Canadian artist and counter-jihad and freedom of speech activist as well as devout Schrödinger's catholic

One Reply to “Janice Fiamengo: Boys Are Shamed at Brookfield High – No Joke”

  1. It is so very disheartening to have teenaged boys and witness this Orwellian pretzel logic in play. Many a young woman, encouraged by her teachers, now declares herself to be a lesbian or bi-sexual. I wonder, sometimes, when I visit the school and see these girls in the hallways, how many of them are truly this way and how many are virtue signalling? How many are having their normal teenaged enthusiasm and idealism played by adults for twisted PoMo orchestrations? How many in 10 years will realize they’re not happy and spit out the kool-aid?

    And then you have the boys. The most confident ones now are often gay. Their plumage preened and dressed by a social contract stipulating a certain immunity to moral and ethical deviance.

    At a recent school concert a black gay boy was given a standing ovation for being heroically black, gay, and singing a song about being black, gay and singing a song. The recital was held in a lovely old downtown church. The acoustics for the event were wonderful, with the youthful voices soaring in heavenly ode to the postmodern gods, replete with the faintest hint of echo in this holy chamber.

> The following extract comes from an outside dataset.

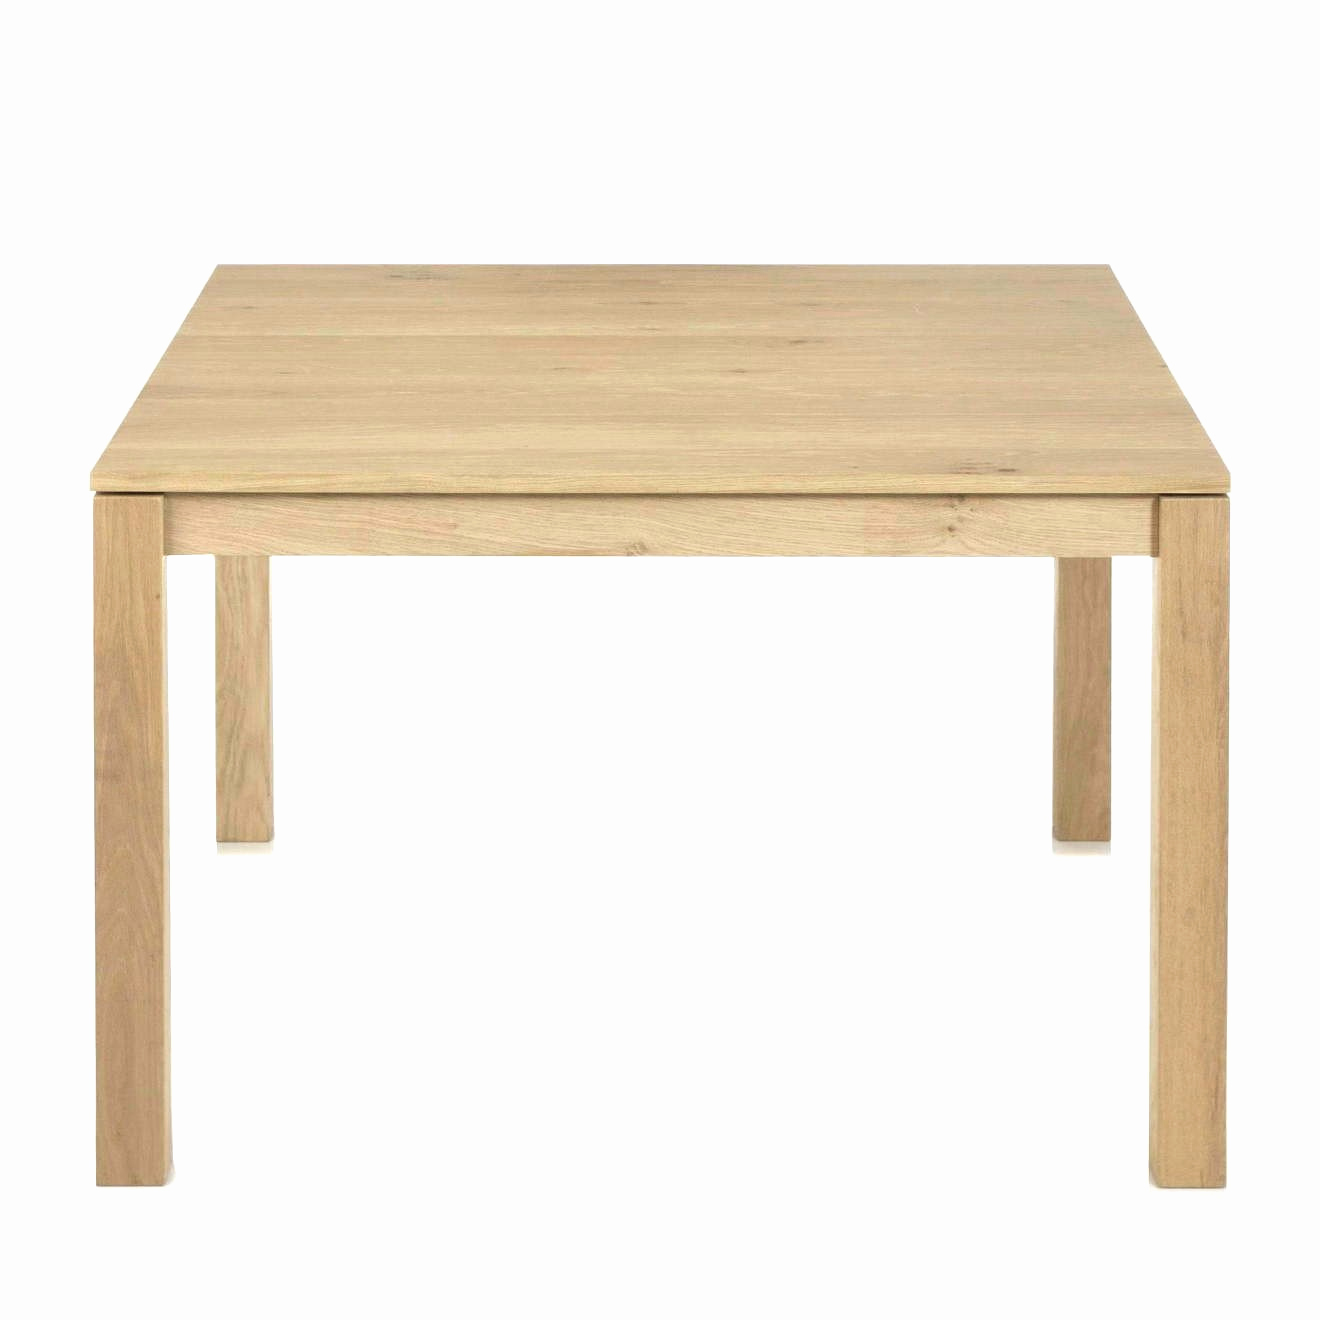 fabriquer un salon de jardin en bois beau fabriquer table de jardin bois of fabriquer un salon de jardin en bois

    That church burned down for me that evening. Straight white teenaged boys, naturally low in confidence at this stage, are having a tough go of it. Cast a wandering eye, lad, towards a pretty girl but beware! You may discover most unceremoniously that she identifies as lesbian, tells you so, and then goes on to tell you you’re “creepy” for delivering that glance. Talk about the inversion of morality.

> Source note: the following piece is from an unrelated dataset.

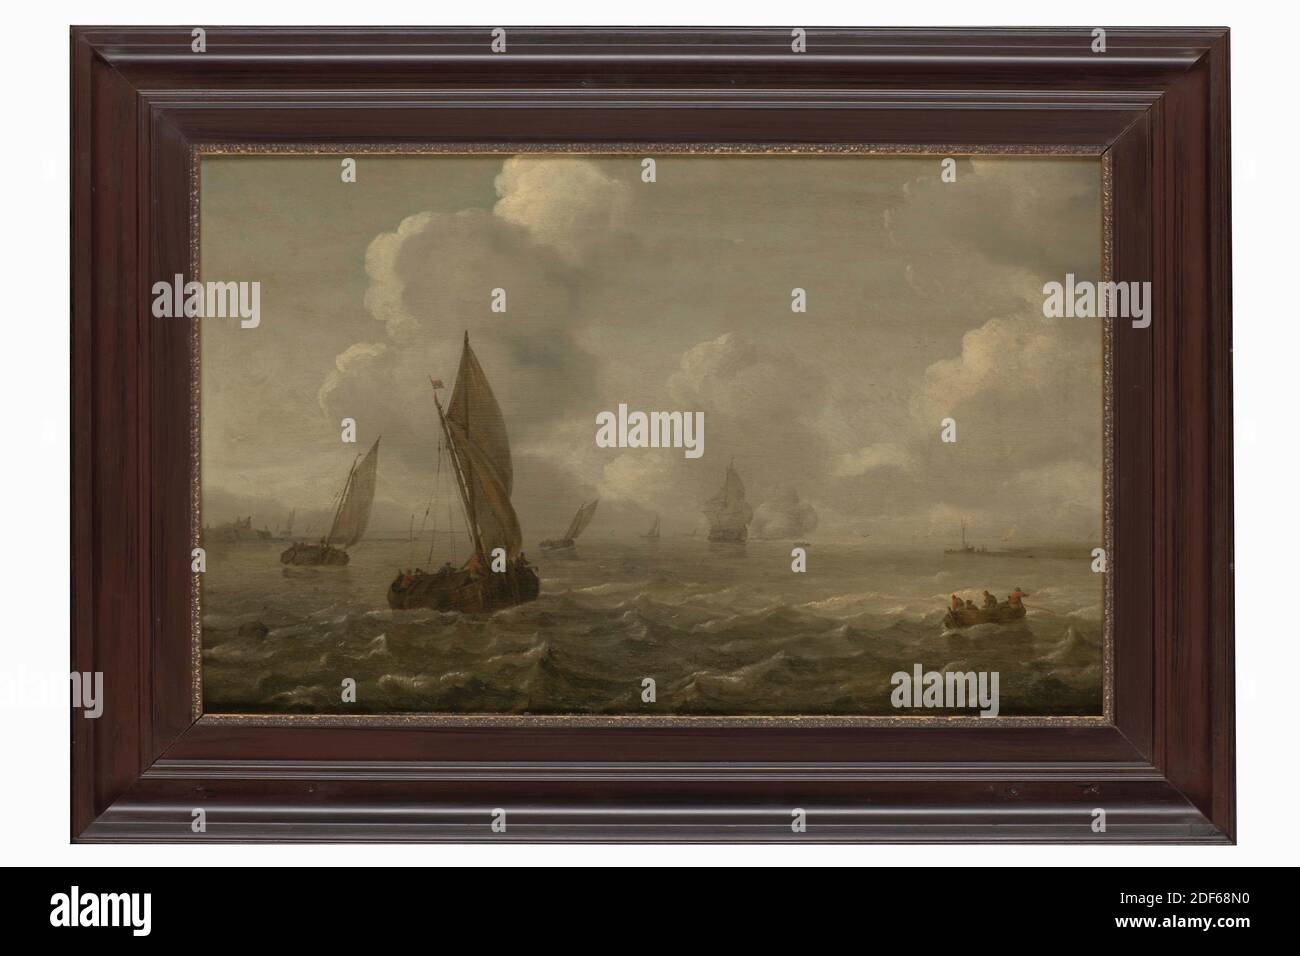 Peinture, Arnoldus van Anthonissen, 17ème siècle, façade Signature, sur un voilier: AA, panneau, peinture à l'huile, peint, support: 37.8 × 60.2 × 1cm (378 × 602 × 10mm), avec cadre: 53 , 2 × 75.2 × 4,6 cm (532 × 752 × 46mm), paysage marin, voilier, bateau, peinture représentant un paysage marin avec des navires. Au premier plan gauche se trouve un grand voilier avec deux mâts et un drapeau en haut. Sur l'extrême droite un bateau avec plusieurs personnes. D'autres navires naviguent plus loin en arrière. A l'extrême gauche et à l'extrême droite, on peut voir une partie de la banque. Signé sur le voilier. La peinture est dans un cadre en bois avec un bord intérieur doré Banque D'Images

    Yes, the teenaged boy who is already fragile in his development must now suffer this new social gauntlet. God help those who haven’t a responsible father to model for them!

    That prideful black gay singer now prances the hallways pretty as a peacock. He has been granted licence by the court of identity politics to be both judge, jury and executioner. He has been ordained King.

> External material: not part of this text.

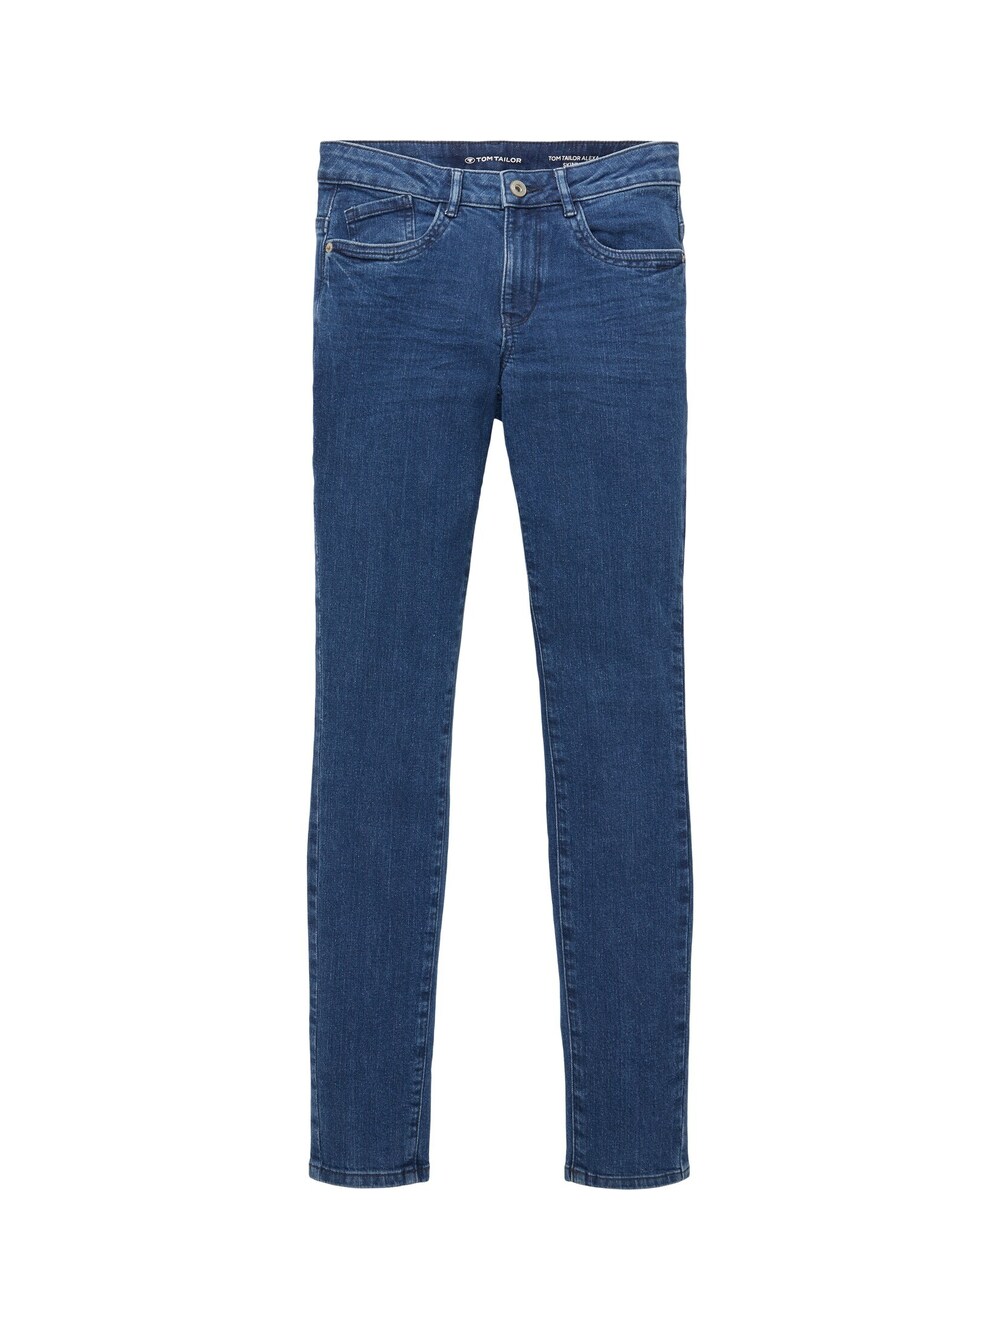 Узкие джинсы Tom Tailor Alexa, синий джинсы скинни tom tailor alexa прилегающие средняя посадка стрейч размер 25 синий

    Recently my son’s friend wrote a note for a girl he thought cute and stuck it in her locker. –The clumsy dance of awkward teenaged introductions. Shortly thereafter the note was returned by the hand of this heroic gay boy, to the straight white boy who sat alone in the hallway. The girl to whom the note was addressed stood some meters away with her clutch of safety friends. –Gleefully witnessing the public shaming of this boy who wanted nothing more than to say hi. Our gay hero, emboldened by his status, saw himself ordained to deliver the punch to the gut that was the sneering return of a most wholesome, sweet and innocent overture.

    This little story is hardly my effort to villify a visible minority, but rather an illustration of a real, little tragedy acted out by real, modern players, and I challenge any modern pundit of our new morality to defend this little murder of timeless innocence.

    It is a scene worthy of a new Shakespeare, repeated now every day and every where to a world without audience.